Tuesday, March 11, 2003

Now on to the meat of the matter. Prager spent the last hour of his program today attempting to clarify his views on the consequences of the decline of Judeo-Christian values and the rise of secular ideas. Specifically, Prager maintained that it is only the belief that man is created in God's image that could be a valid basis for believing in human moral superiority to animals. He further blamed the decline of marriage and reduced desire to have children on secularism. His third example consisted of foreign policy where the morality of the war in Iraq is to be decided by a UN consensus rather than the fixed viewpoints of religion. And finally he pointed to the absence of wisdom at the university, a largely secular institution, which has the distinction of discussing and advocating some of the most foolish ideas in society.

Interestingly Prager insisted he was not trying to convert any atheists or encourage anyone to believe in God. He was simply trying to make clear the consequences of what he termed secularism. He was arguing in effect that no matter what side of the issue one is on, one has to acknowledge that without religious Judeo-Christian values the consequences he enumerated are inevitable. Prager as usual is merely insisting on "clarity."
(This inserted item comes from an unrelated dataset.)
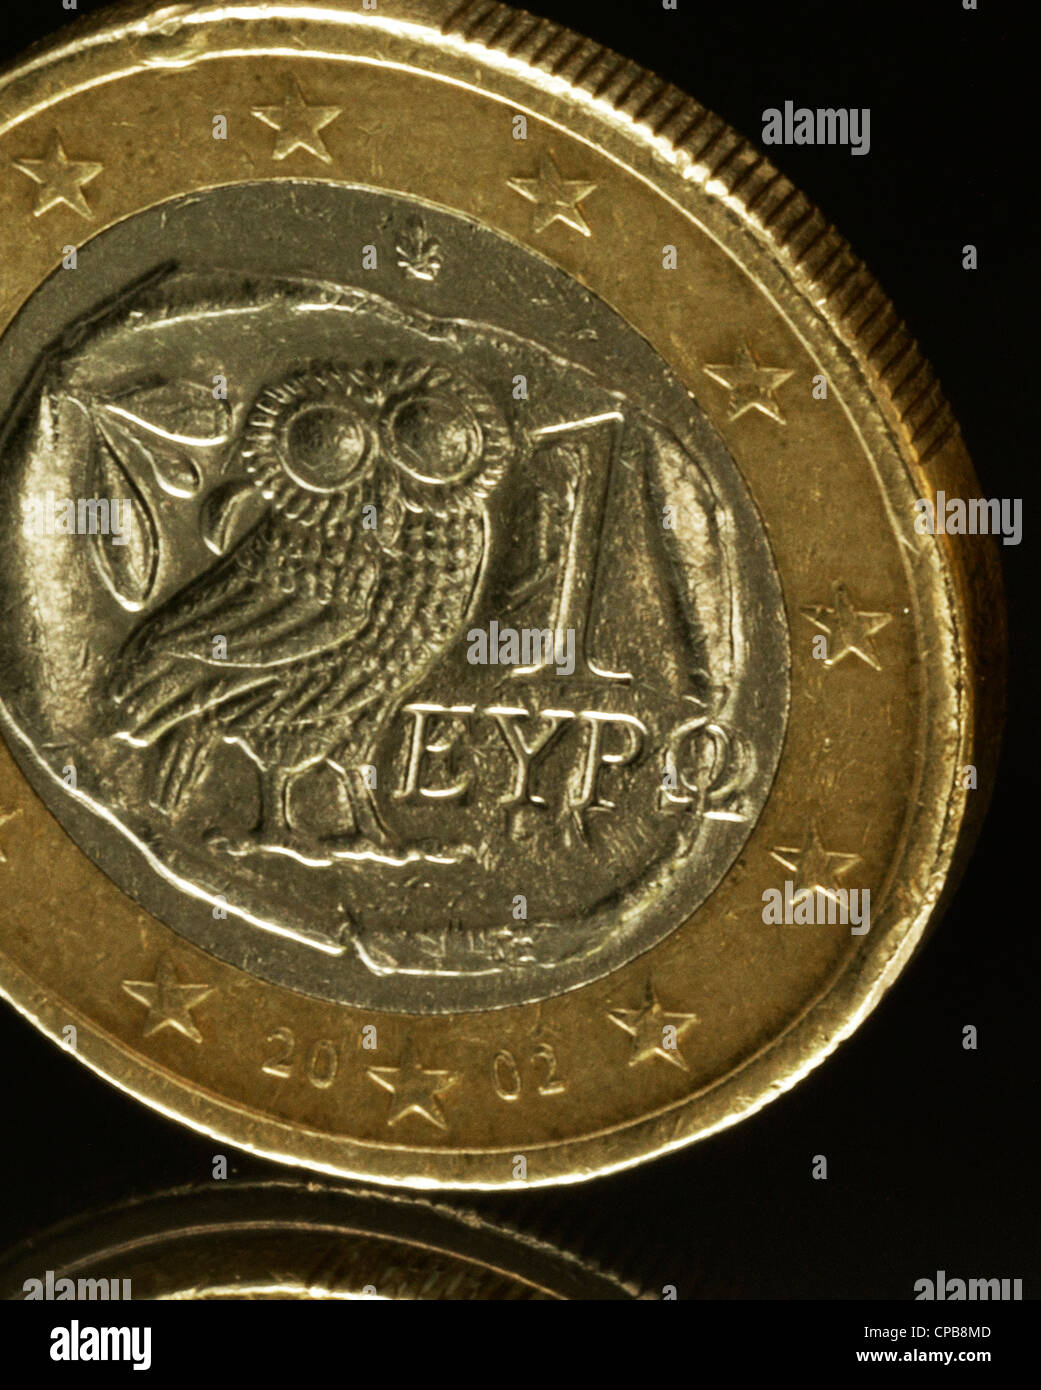 La devaluación de la moneda Euro griego Griechenland Euro del griego griechischer Euro Banco Euroabwertung Foto de stock

I will begin by commenting that not all the consequences mentioned by Prager are bad in my view. For example, the issue of whether or not one has children, everything else being equal, is not a moral issue in my view. Context can make it a moral issue in both directions: There are people to whom children would be a great value and there are people who should never have had their children. But human beings as such do not have a moral obligation to have children, notwithstanding the biblical view.
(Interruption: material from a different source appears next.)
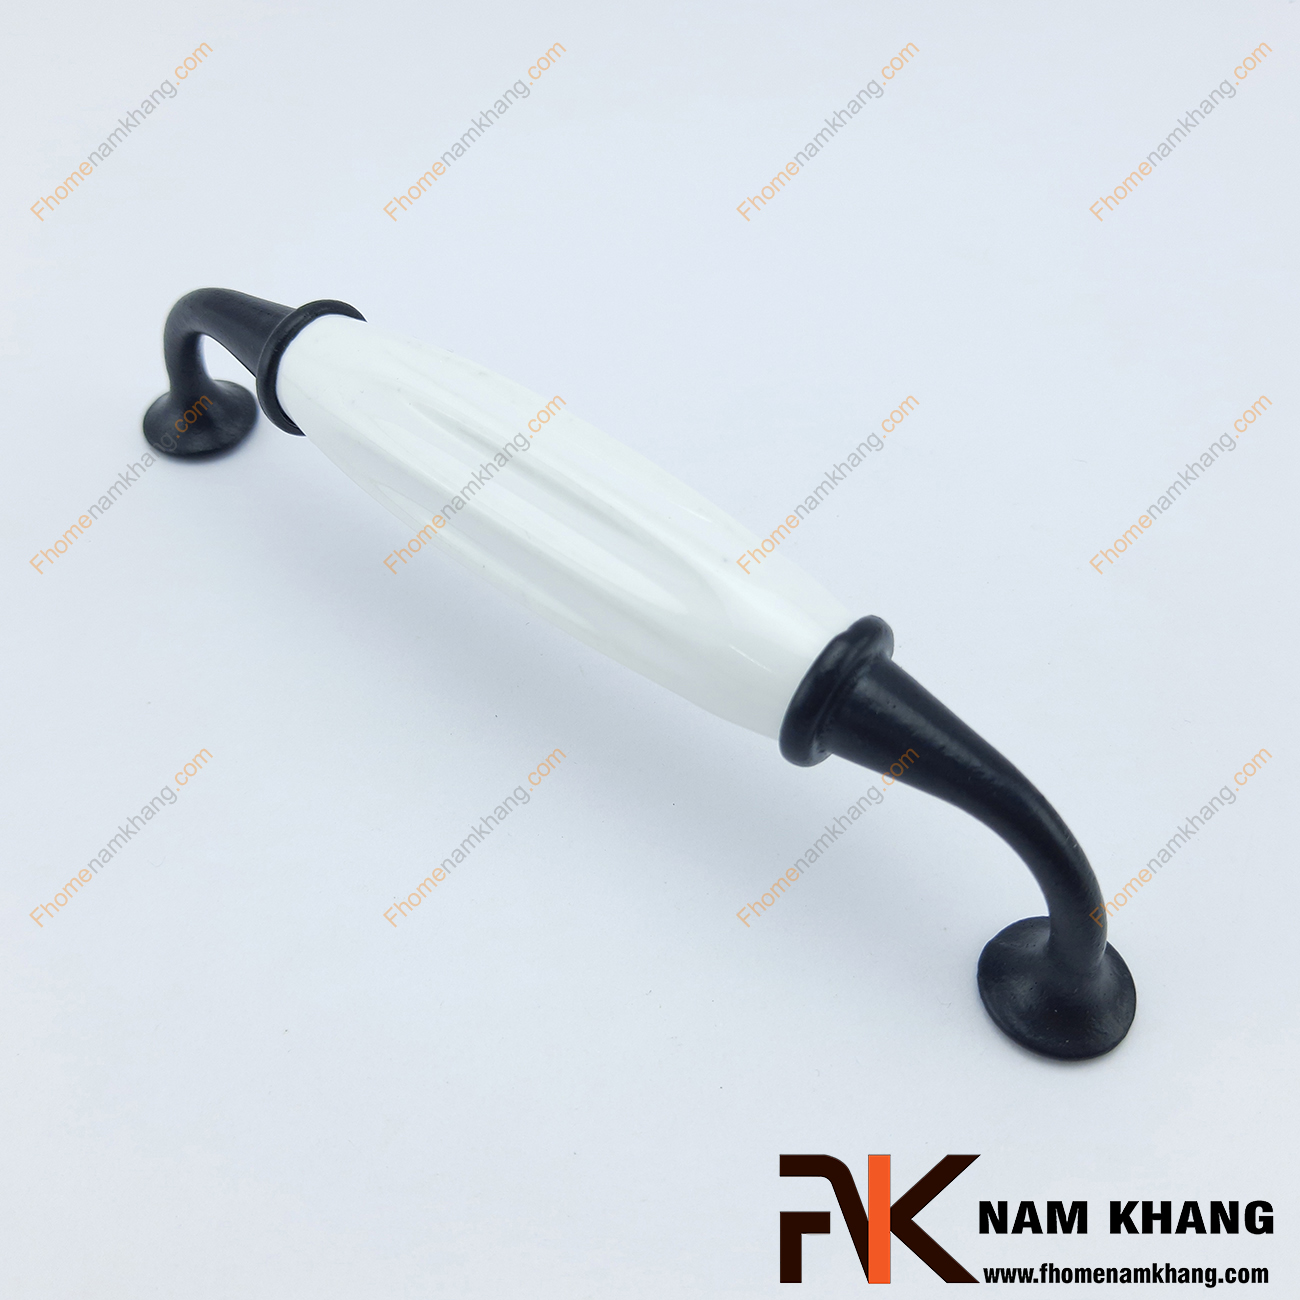 Tay nắm tủ phối sứ màu đen trắng NK322-96D là một dạng tay nắm có thiết kế rất  cổ, rất độc đáo. Được sản xuất trên chất liệu hợp kim cao cấp, kết hợp với loại sứ vân trắng ngà cao cấp rất lạ mắt nhưng có độ bền cao. 

Prager is quite correct on the university as the source and instigator of numerous foolish (and in fact worse than foolish) ideas. They are in fact the source of his two other examples: The consensus view of morality and the moral equivalency of human and animal suffering. The consensus view dates back to the pragmatists such as John Dewey and Charles Peirce, who ultimately derive their ideas from Immanuel Kant. The moral equivalency of humans and animals is a view pushed by Princeton's Peter Singer, among others. Singer's utilitarianism traces its roots to the original utilititarians Mill and Bentham who themselves in effect combine the views of Epicurus and Kant. Ultimately the reason for the presence of these ideas is not secularism as such but a long philosophical development of increasing irrationality that started all the way back in times when most people (and universities as well) were still quite religious. It was the errors and absurdities of the various early religious philosophers which then culminated in the errors and absurdities in the later secular ones. There were parallel trends: The increasing secularism and the increasing tower of irrational errors. Initially, various religious ideas were quite properly rejected in the name of reason. Later on as philosophers made crucial mistakes in understanding how reason works and concluded that reason is impotent, they started to reject almost all abstract principles and concepts due to their initial mistakes. Religion was rejected at the same time as reason. This unfortunately doomed proper secular morality until the arrival of novelist/philosopher Ayn Rand's Objectivism in the 20th century.